Gold that month began a 20% rise from 3-year lows, while net imports of gold bullion to mainland China through Hong Kong rising to 113.2 tonnes – the highest since March – from 101 in June.
Physical gold contracts on the Shanghai Gold Exchange ended today 0.8% above London spot. Premiums on gold bullion in India meantime – the world's No.1 consumer nation – today fell hard, Singapore's Business Times reports, as wholesalers reacted to Wednesday's relaxation of the summer import ban by the Reserve Bank.
Even though Indian gold bullion imports could be limited to just 300 tonnes over the next 12 months, according to the Gem & Jewellery Export Promotion Council's Pankaj Parekh, down from almost 900 tonnes in 2012, premiums in Mumbai today fell $5 per ounce.
Tight supplies and high gold bullion premiums also mean "Scrap [supply] is increasing every day," says Soni, because "people are reselling jewellery" as well as gold bars
"Investors are selling gold all across the country," agrees Prithviraj Kothari, director of the Bombay Bullion Association and managing director of leading dealer Riddhisiddhi Bullions Ltd
"There is a liquidity crisis and people are selling and putting the money in the bank. There is a huge amount of scrap supply
coming into the market."
Indian gold bullion premiums fell Thursday to $25-30 per ounce, down from as high as $40 earlier this week.
Commenting on the US Federal Reserve's apparent plans to start tapering its $85 billion per month QE program in September, "The G20 Summit is an important forum to seek an international climate that is beneficial for all countries," said Indian prime minister Manmohan Singh ahead of joining the meeting of top 20 economy leaders in St.Petersburg today.
Faced with a current account crisis which has driven the Rupee to record lows on the currency markets, down 17% for 2013 to date, "India has emphasised [to the US] there has to be a predictability about the withdrawal," adds secretary for economic affairs Arvind Mayaram, "as it has a spill-over impact on the emerging markets."

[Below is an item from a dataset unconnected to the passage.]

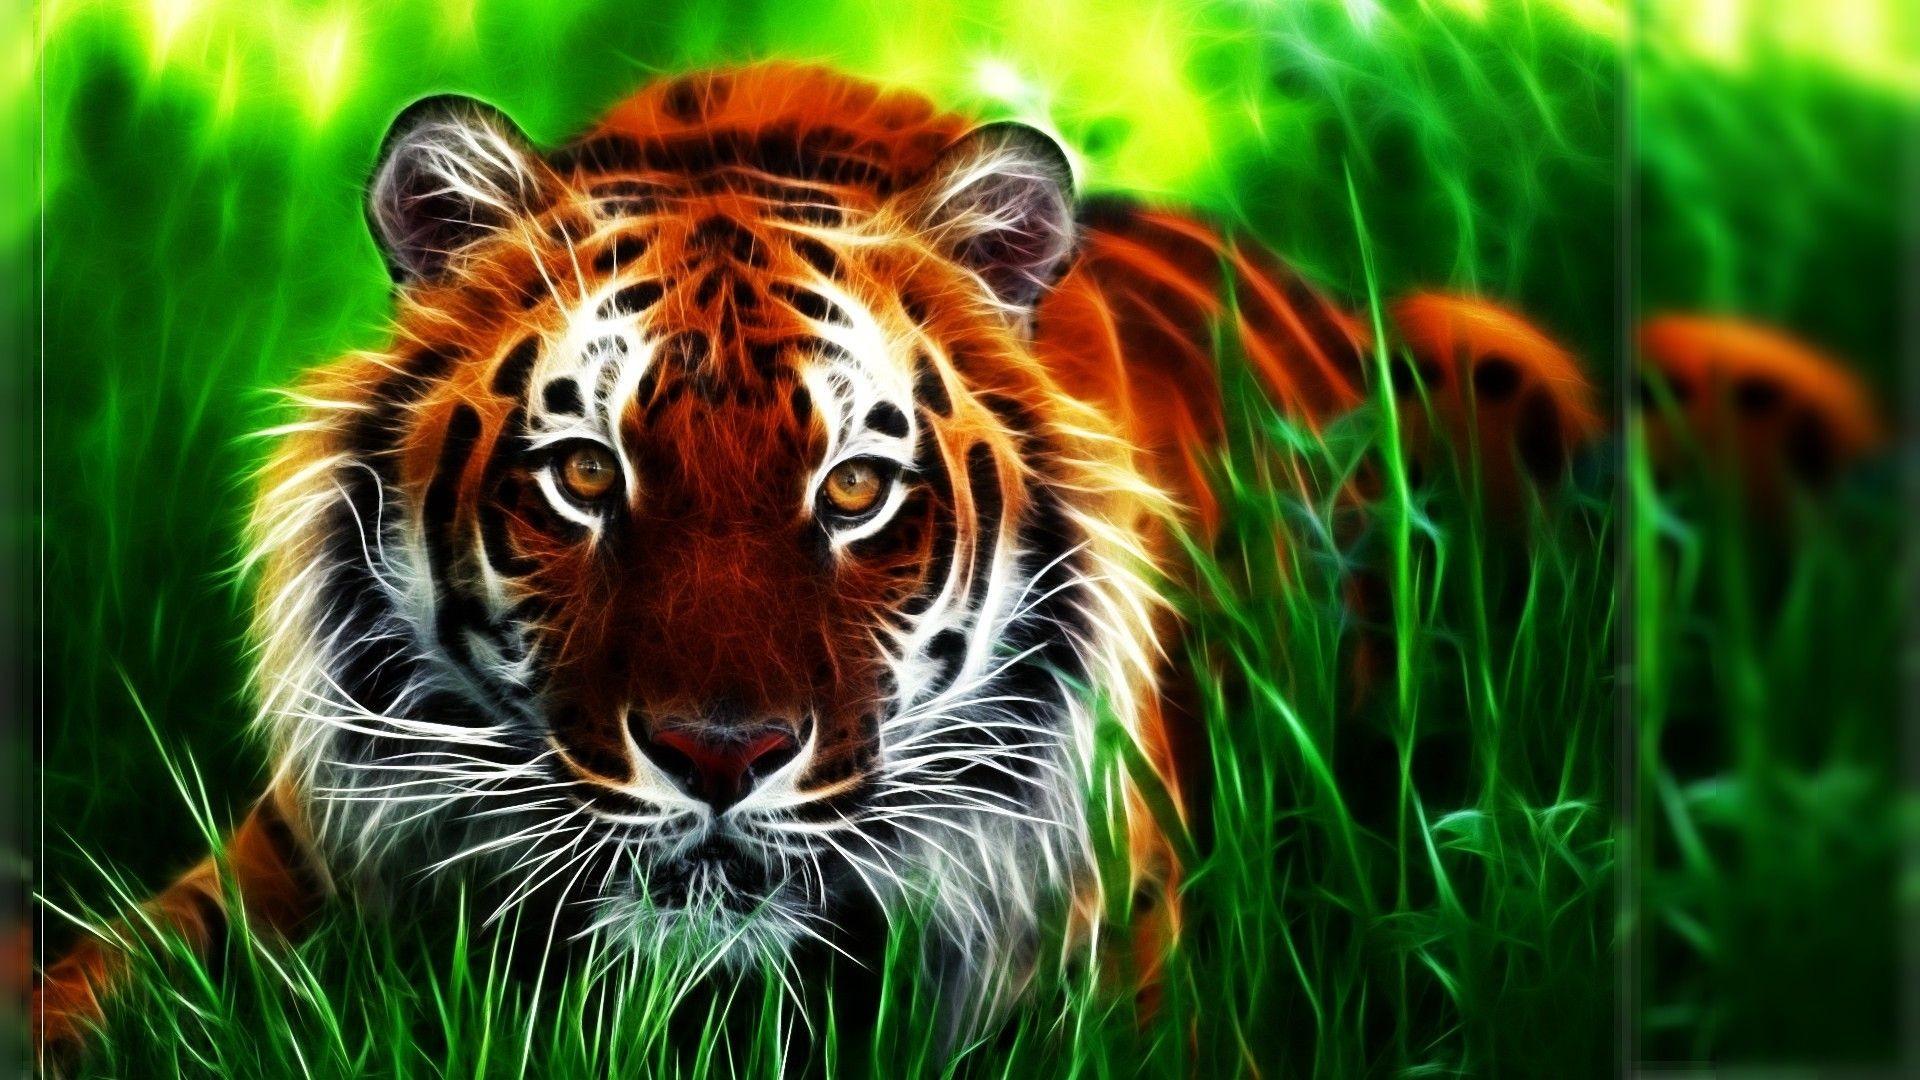 D Tiger Photoshop fractal wallpaper Green Tiger Wallpapers Wallpapers)

The Mumbai stock market meantime jumped 2.1% on Thursday, led by the fastest surge in banking shares for more than two years, after new central bank governor Raghuram Rajan announced a "swap line" for foreign currencies worth some $10 billion, plus fresh deregulation of the sector.
"It's all about restoring confidence and that Rajan has definitely done," says Sunil Singhania at the $15bn Reliance Capital Asset Management Ltd.
Dominating the G20 summit, however, will likely be arguments between Russia and the US over Syria's apparent chemical weapons attack on unarmed civilians two weeks ago.
Backing the Kremlin's stance, "Military action would have a negative impact on the global economy
," said China's vice finance minister Zhu Guangyao at a press briefing today, "especially on the oil price – it will cause a hike."
Crude oil ticked half-a-per cent higher on Thursday morning, taking Brent back above $115 per barrel.
"The United States – the main currency issuing country – must consider the spill-over effect of its monetary policy," Zhu also said, "especially the opportunity and rhythm of its exit from the ultra-loose monetary policy."